Azure Blob Reader (Docker)
The Azure Blob Reader (Docker) component reads data stored in Azure Blob Storage. It runs as a Docker-based component and supports multiple authentication mechanisms for secure access. Files can be ingested in common formats including CSV, JSON, Parquet, Avro, and XML.
Configuration Sections
The Azure Blob Reader component configurations are organized into the following sections:
Basic Information
Meta Information
Resource Configuration
Connection Validation
Authentication Methods
The component supports three authentication methods for connecting to Azure Blob Storage:
Shared Access Signature (SAS) – Recommended for temporary, revocable access
Secret Key (Storage Account Key) – Full account access; use with caution
Principal Secret (Azure AD Service Principal) – Enterprise-grade, app-based access
⚠️ Security Best Practices
Prefer SAS tokens for temporary and granular access.
Store Secret Keys and Principal Secrets securely in Azure Key Vault.
Avoid hardcoding credentials in pipelines.
1. Using Shared Access Signature (SAS)
Shared Access Signature
SAS URI granting restricted access to storage resources.
?sv=2025-01-01&ss=b&srt=...
Account Name
Azure storage account name.
myazureaccount
Container
Name of the container.
sales-data
File Type
File type: CSV
, JSON
, PARQUET
, AVRO
, XML
.
CSV
Read Directory
If enabled, reads all blobs in the container.
true
(default)
Blob Name
Specific blob to read (if Read Directory is disabled).
transactions.csv
Column Filter
Filter columns with alias and data type.
See Column Filtering.
2. Using Secret Key
Account Key
Storage account key for Shared Key authorization.
xxxx12345...
Account Name
Azure storage account name.
myazureaccount
Container
Name of the container.
finance-data
File Type
File type: CSV
, JSON
, PARQUET
, AVRO
.
PARQUET
Read Directory
If enabled, reads all blobs in the container.
true
Blob Name
Specific blob to read (if Read Directory is disabled).
q1_data.json
Column Filter
Filter columns with alias and type.
See Column Filtering.
3. Using Principal Secret
Client ID
Application (client) ID from Azure AD.
2c76b0a9-xxxx-xxxx-xxxx-abcdef
Tenant ID
Directory (tenant) ID of your Azure AD instance.
72f988bf-xxxx-xxxx-xxxx-abcdef
Client Secret
Secret key of the service principal.
********
Account Name
Azure storage account name.
myazureaccount
File Type
File type: CSV
, JSON
, PARQUET
, AVRO
.
JSON
Read Directory
If enabled, reads all blobs in the container.
true
Blob Name
Specific blob to read (if Read Directory is disabled).
archive.zip
Column Filter
Filter columns with alias and type.
See Column Filtering.
File Type-Specific Behavior
CSV
Header: Use the first row as column headers.
Infer Schema: Automatically detect schema.
JSON
Multiline: Enable for multiline JSON records.

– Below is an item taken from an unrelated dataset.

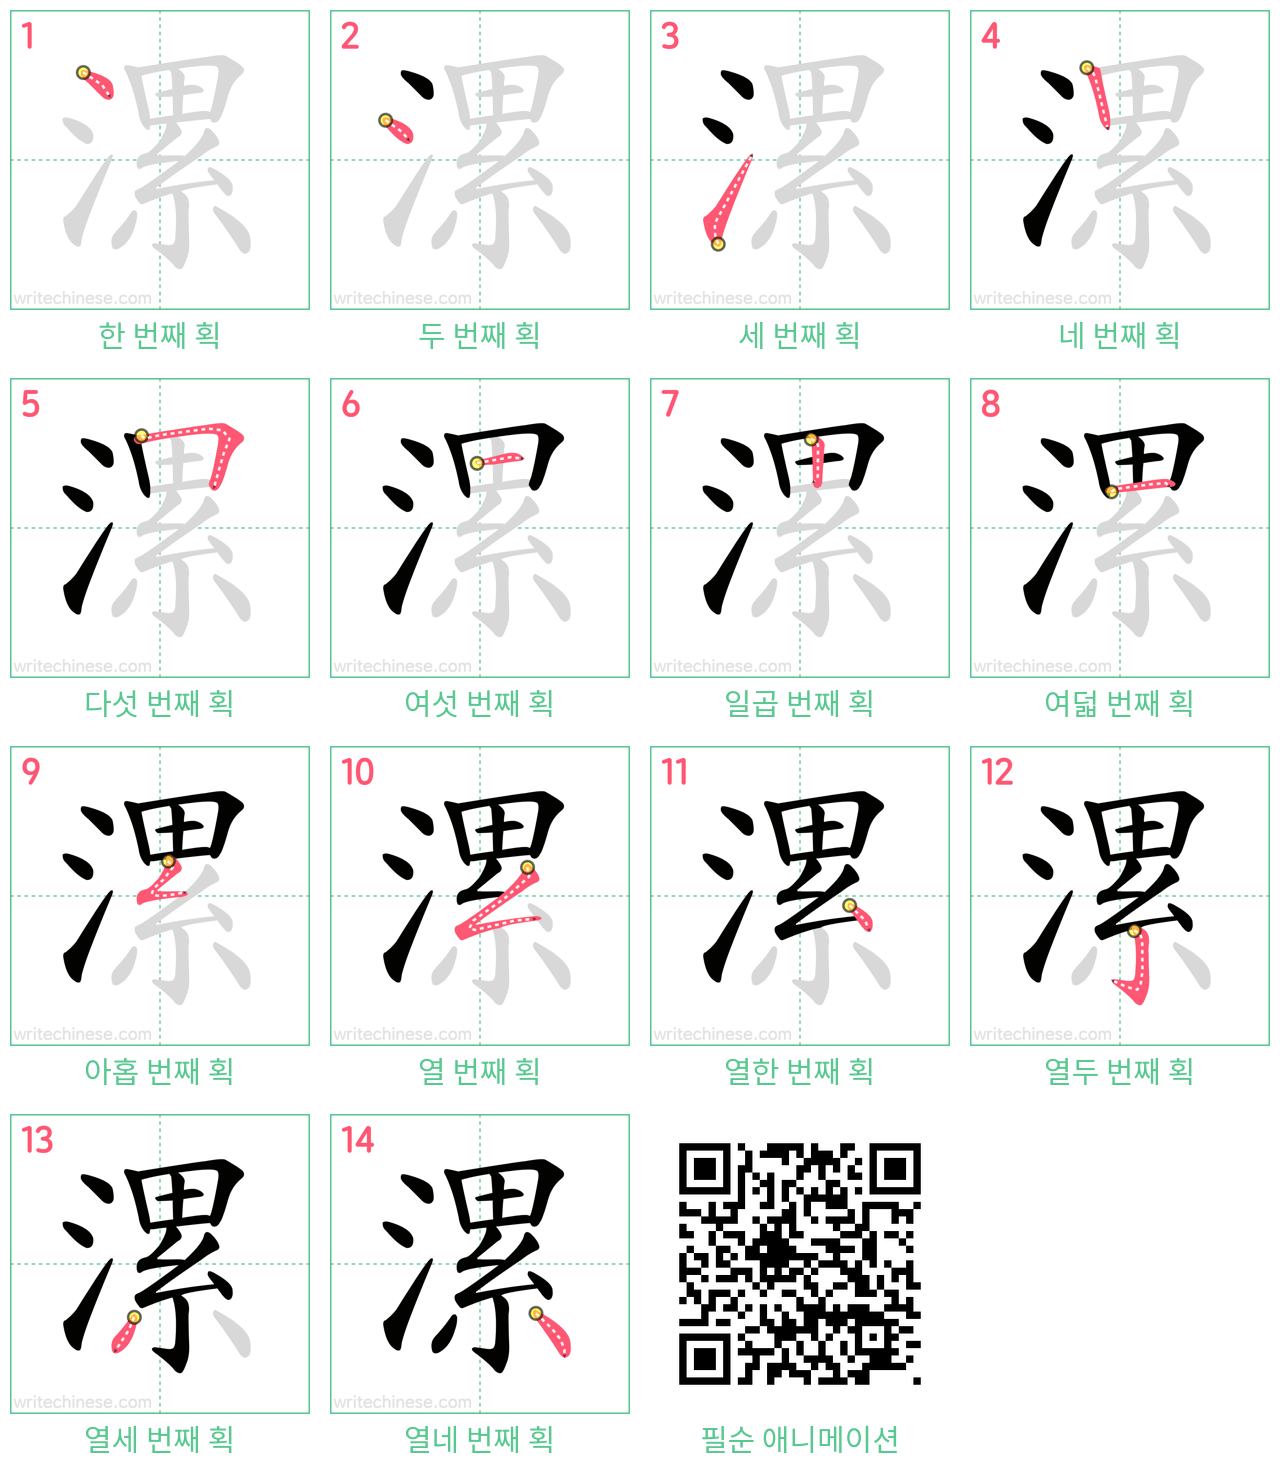 漯 step-by-step stroke order diagrams
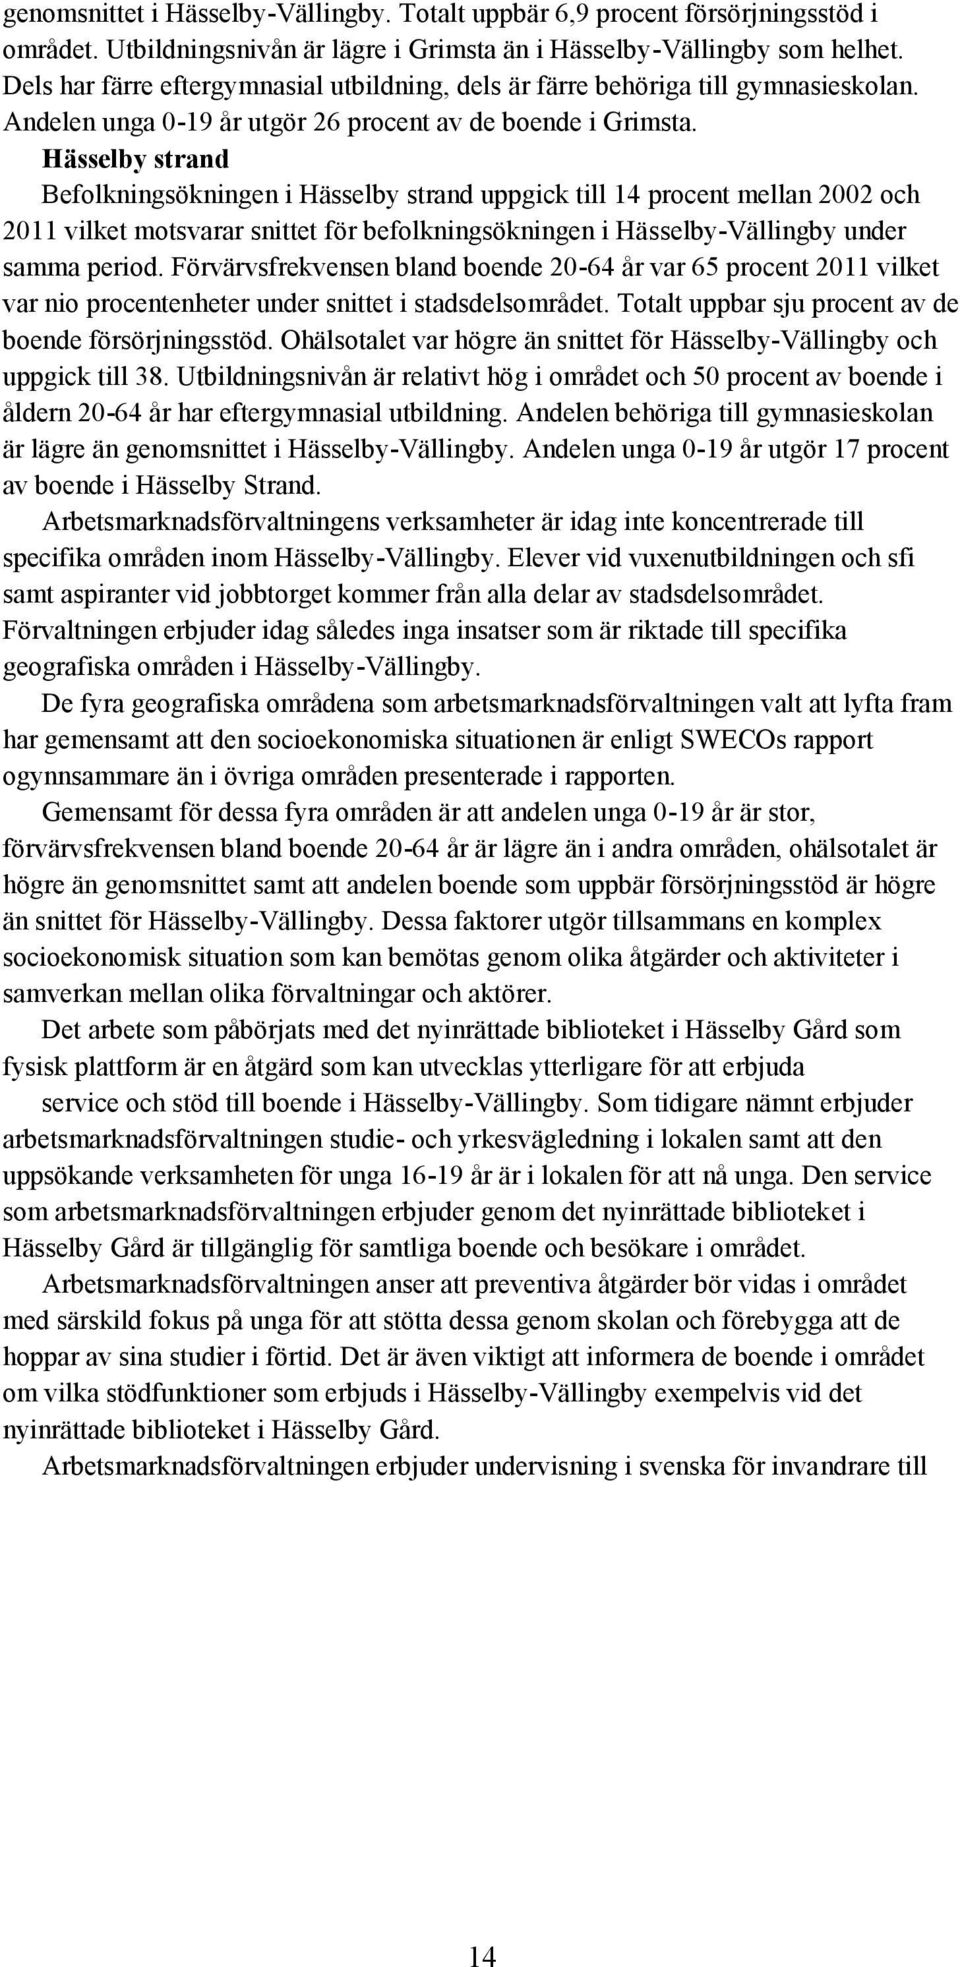 Hässelby strand Befolkningsökningen i Hässelby strand uppgick till 14 procent mellan 2002 och 2011 vilket motsvarar snittet för befolkningsökningen i Hässelby-Vällingby under samma period.

Charset: Character encoding (
UTF-8
,ISO-8859-1
).
PARQUET
No additional configuration required.
AVRO
Compression: Options:
Snappy
(default),Deflate
.Compression Level: Available if
Deflate
is selected (0–9).
XML
Root Tag: Root element of the XML.
Row Tags: Defines row-level elements.
Join Row Tags: Enable to combine multiple row tags.
Infer Schema: Automatically detect schema from XML structure.
Column Filtering
The Column Filter section allows selecting specific columns instead of retrieving the entire dataset.
Source Field
Column name from the blob.
customer_id
Destination Field
Alias name for the column.
cust_id
Column Type
Data type of the column.
STRING
Additional Options:
Upload File: Upload CSV/JSON/Excel to auto-populate schema.
Download Data: Export schema in JSON.
Delete Data: Clear schema configuration.
Notes
SAS tokens are recommended for temporary access with fine-grained control.
Secret Keys grant full control; use only when required and secure in Azure Key Vault.
Principal Secret authentication is best for enterprise-scale applications with Azure AD.
For JSON and CSV files, schema inference may add processing overhead; consider providing explicit schemas for production workloads.